Предыдущая глава |
↓ Содержание ↓
↑ Свернуть ↑
| Следующая глава |
Технология, позволявшая протезировать органы, позволяла пойти куда дальше. Как оказалось, даже естественный костяк в XXVII столетии можно заменять искусственным, высокопрочным, но это до сих пор была чрезвычайно сложная и серьёзная операция, оправданная только при исключительных обстоятельствах. Зато универсально использовалась синтетическая кровь. Её кислородный носитель был биологически "мертв", совершенно инертен и мог служить почти вечно. Поэтому полная трансфузия обычно осуществлялась ещё в юном возрасте; эта процедура стала обязательной для астронавтов. Собственная кровь человека удалялась, — но только её красные кровяные шарики. Взамен вводилась синтетическая плазма и синтетические носители кислорода. Энергетически самодостаточные протезы сердца вошли уже в повсеместное употребление, но искусственные сердца подчинялись только химическому, а не невральному регулированию: они не работали быстрее под воздействием, например, эмоций. Тем, кто очень рано прошел через процедуру такой замены, были непонятны некоторые главы литературных и других культурных текстов, которые выражали состояние сознания через состояние сердца. Эти изменения были неприятны найденышу, и он переключился на то, что занимало его куда больше: то есть на астрофизику и космологию.

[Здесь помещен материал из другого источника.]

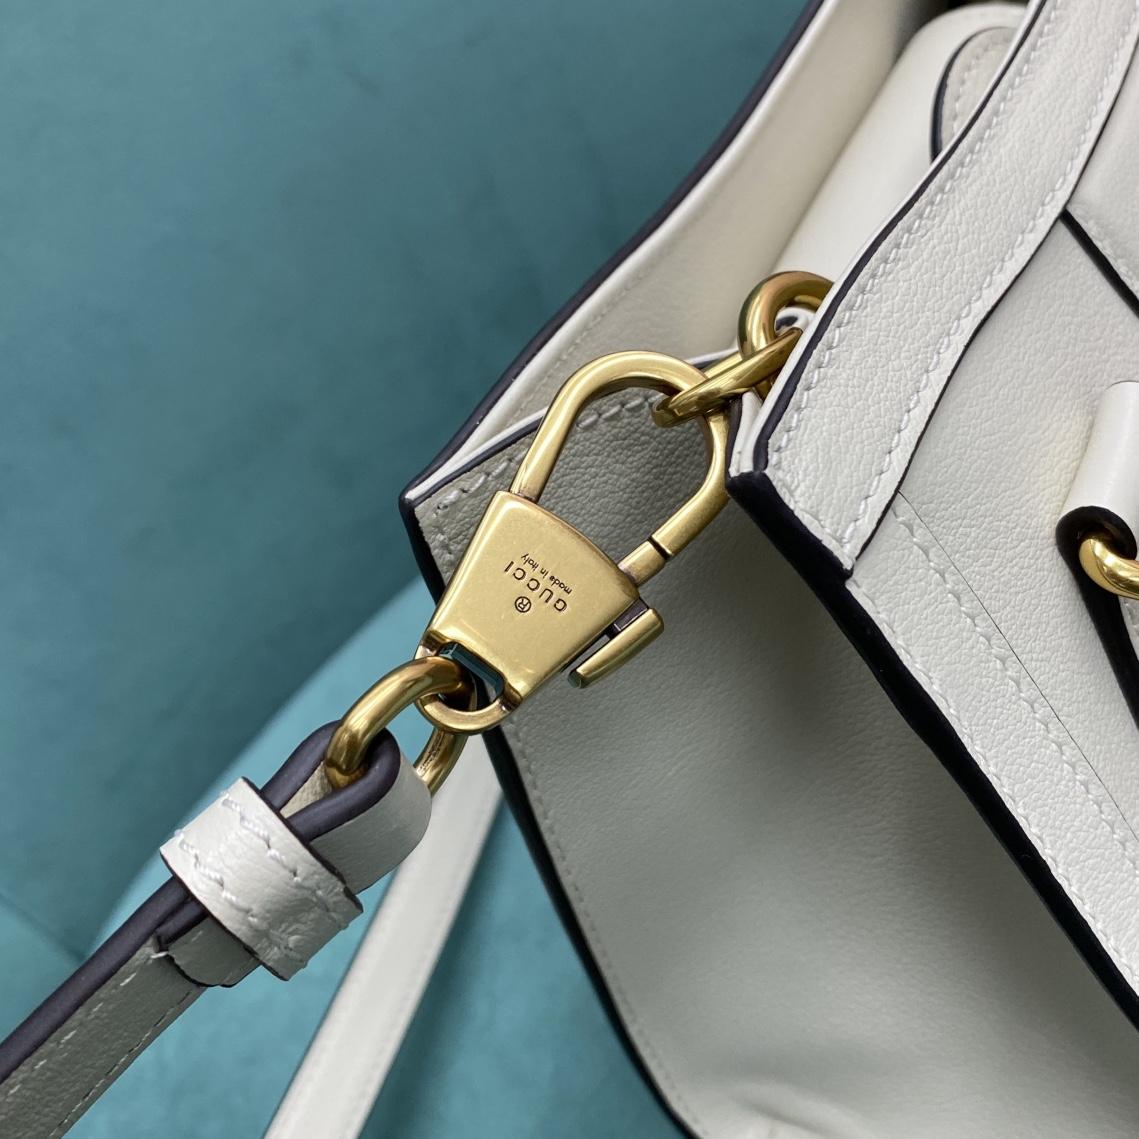 【P1280】古驰包包货源 Gucci Diana竹节包小号655661白色牛皮手提包20CM
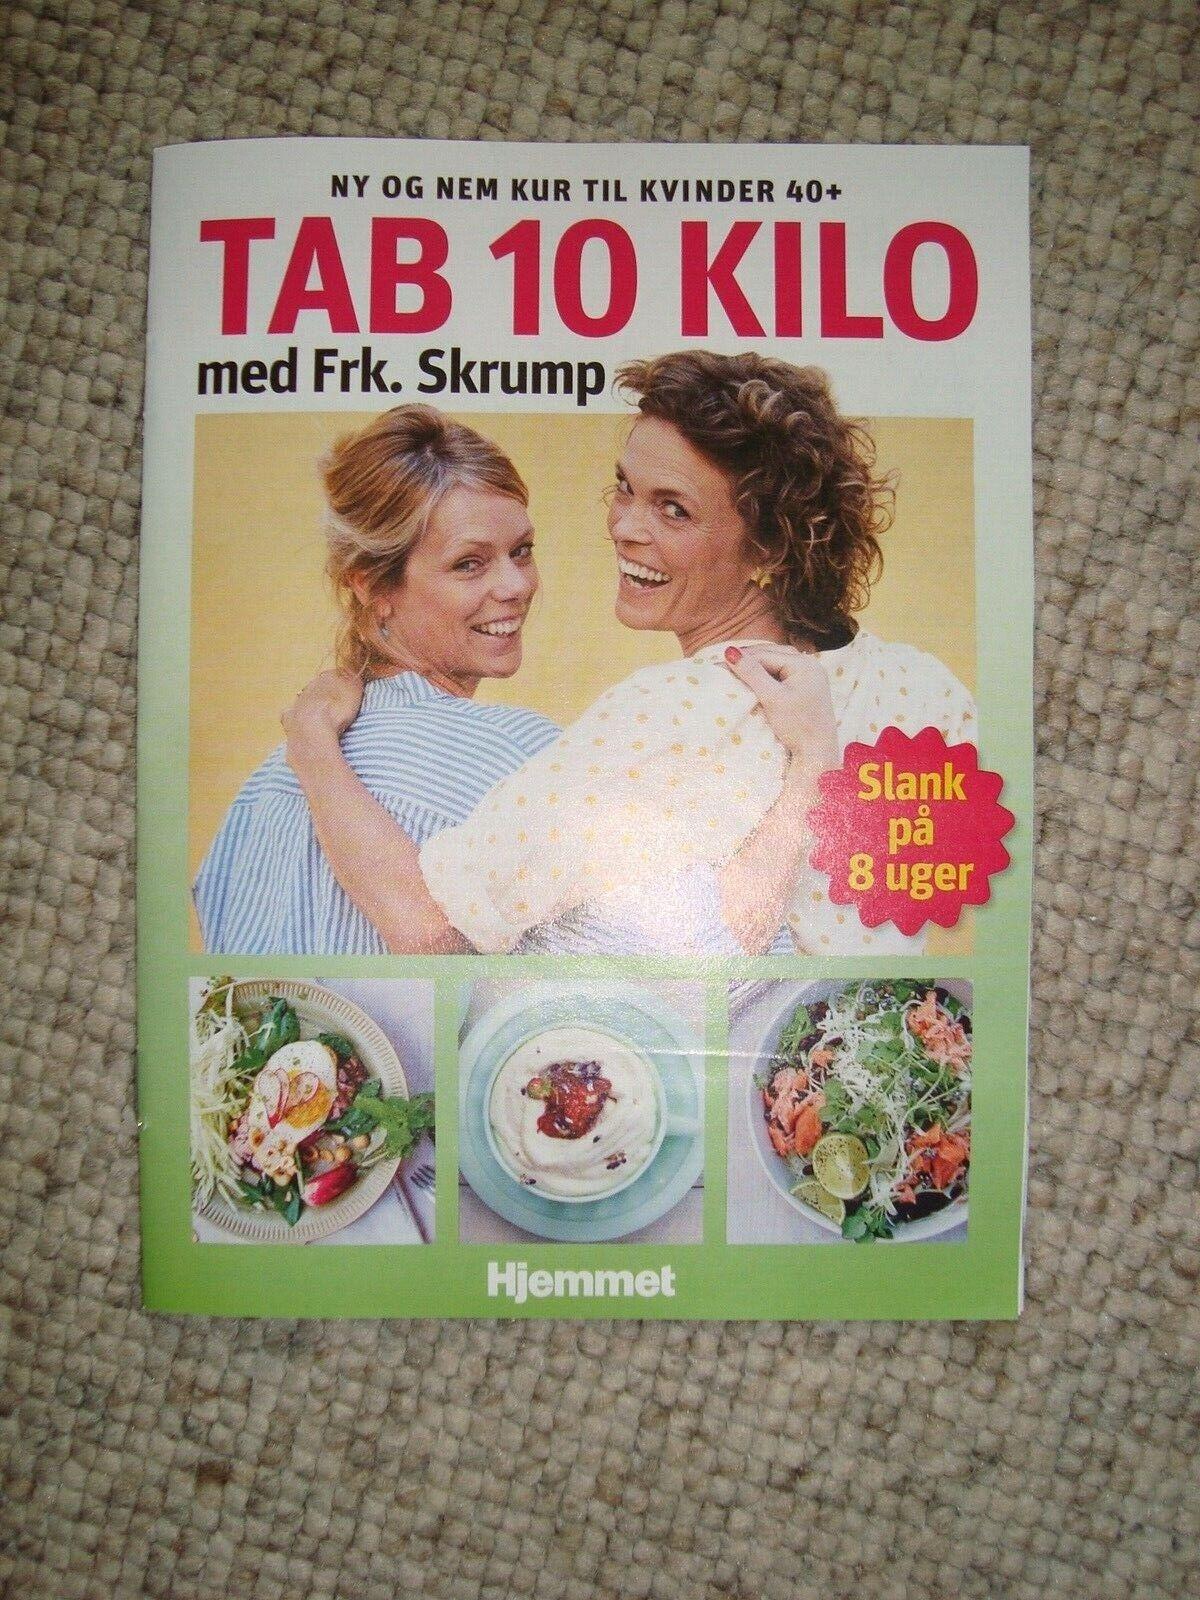 tab 10 kilo

Теория Эйнштейна в XXVII столетии так и не была опровергнута, однако по новейшим воззрениям физиков она была лишь "половинкой" физической реальности. Пространство считалось лишь формой материи-энергии, было открыто антипространство. Скорость света служила для материальных тел точкой прохода из пространства в антипространство. Такой переход для макроскопических тел был, конечно, принципиально невозможен, так как требовал бесконечной энергии. Но для микрочастиц, благодаря туннельным эффектам, такие переходы были возможны и тем более вероятны, чем выше присветовая скорость.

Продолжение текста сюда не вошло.